# Screen Size for Varroa?



## KevinR (Apr 30, 2010)

I'm looking to make some screened bottom boards and want to know the proper screen size.

However, I do not want the screen holes large enough that the SHB can get through them.

My current commerically produced bottom boards appear to be 1/8" mesh and allow the SHB to enter through the screen. Obviously the larger beetles can not, but I've watched quite a few avoid the bees by dancing on the bottom of the screen. 

I have some window screen that is 1/16" or so. Will Varroa pass through this?

Thanks.


----------



## Dale Hodges (Jul 13, 2007)

Its called number 8, just a tad bigger than window screen.


----------



## KevinR (Apr 30, 2010)

#8 = 1/8 inch..

That's what I have now.... and the SHB invade through the screen... Varroa should be smaller than shb.


----------



## Ravenseye (Apr 2, 2006)

Number 8 should work right. You can double screen (put two layers right on top of each other) and the offset of the wires makes the screen effectively smaller.


----------



## KevinR (Apr 30, 2010)

I found some #10 screen.

According to the web.. Varroa's are 1.6mmx1.6mm on the large size. The #10 should be roughly 1.9mm mesh.

SHB are suspose to be 3.5mm wide. So hopefully, that will take care of most of the SHB coming in from the bottom and still let the varroa fall out.

Either way, going to give it a try.


----------



## BEES4U (Oct 10, 2007)

Kevin,
Here's a web site that has speciality insect screen:
http://www.twpinc.com/twpinc/control/category/~category_id=TWPCAT_9
Good luck with your endeavor
Ernie


----------



## WVaBees (Jul 2, 2010)

Ravenseye said:


> Number 8 should work right. You can double screen (put two layers right on top of each other) and the offset of the wires makes the screen effectively smaller.


If you were going to do that why not just use window screen?

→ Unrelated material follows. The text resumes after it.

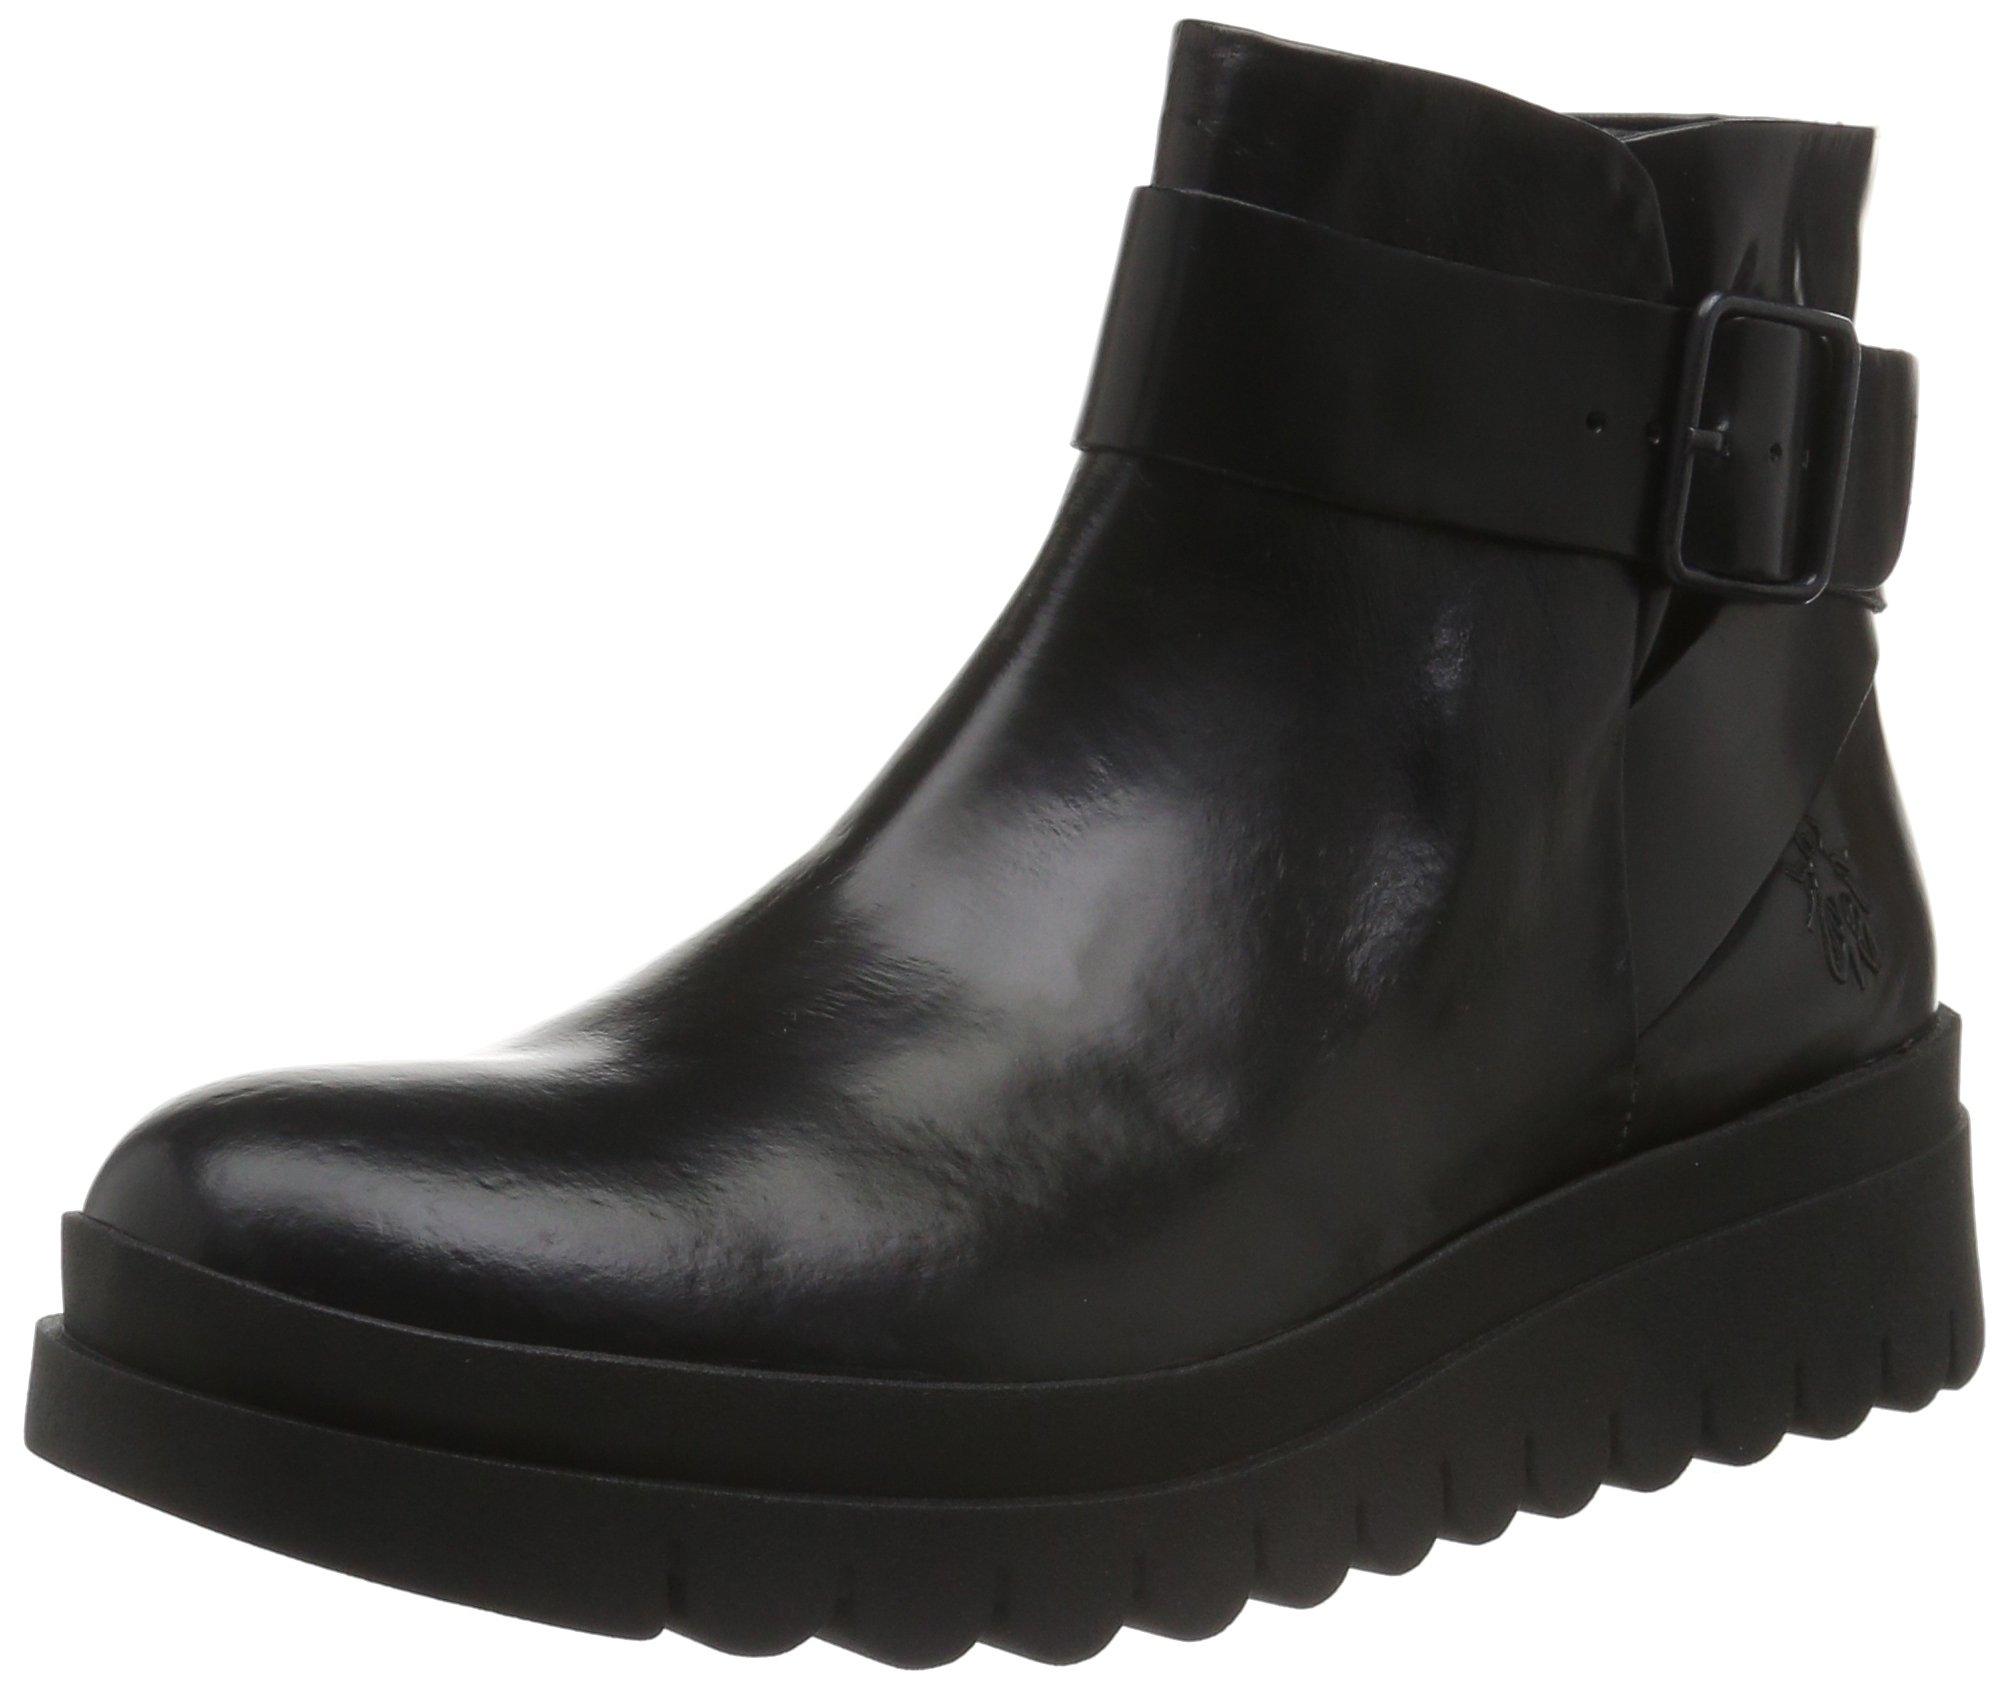 Fly London Womens Halp 773 Fly Glass Black Leather Boots 38 EU

It is much cheaper than #8, at least around here.


----------



## honeyman46408 (Feb 14, 2003)

Just use #8 wire that will let the mites and a lot of juink fall through where window screen wont.

You will NOT keep SHB from entering the hive because they fly in the entrance with the bees


----------



## KevinR (Apr 30, 2010)

I ordered some #10 wire screen. I got it pretty cheap.

I believe that window screen is smaller than 1.6mm, which is what the Varroa are suspose to max out at.

As for the SHB, I have another plan for them... 

And I need to be able to keep them out of the rest of the hive.

Once I get my SHB plan tested/proved. I'll follow up here.


----------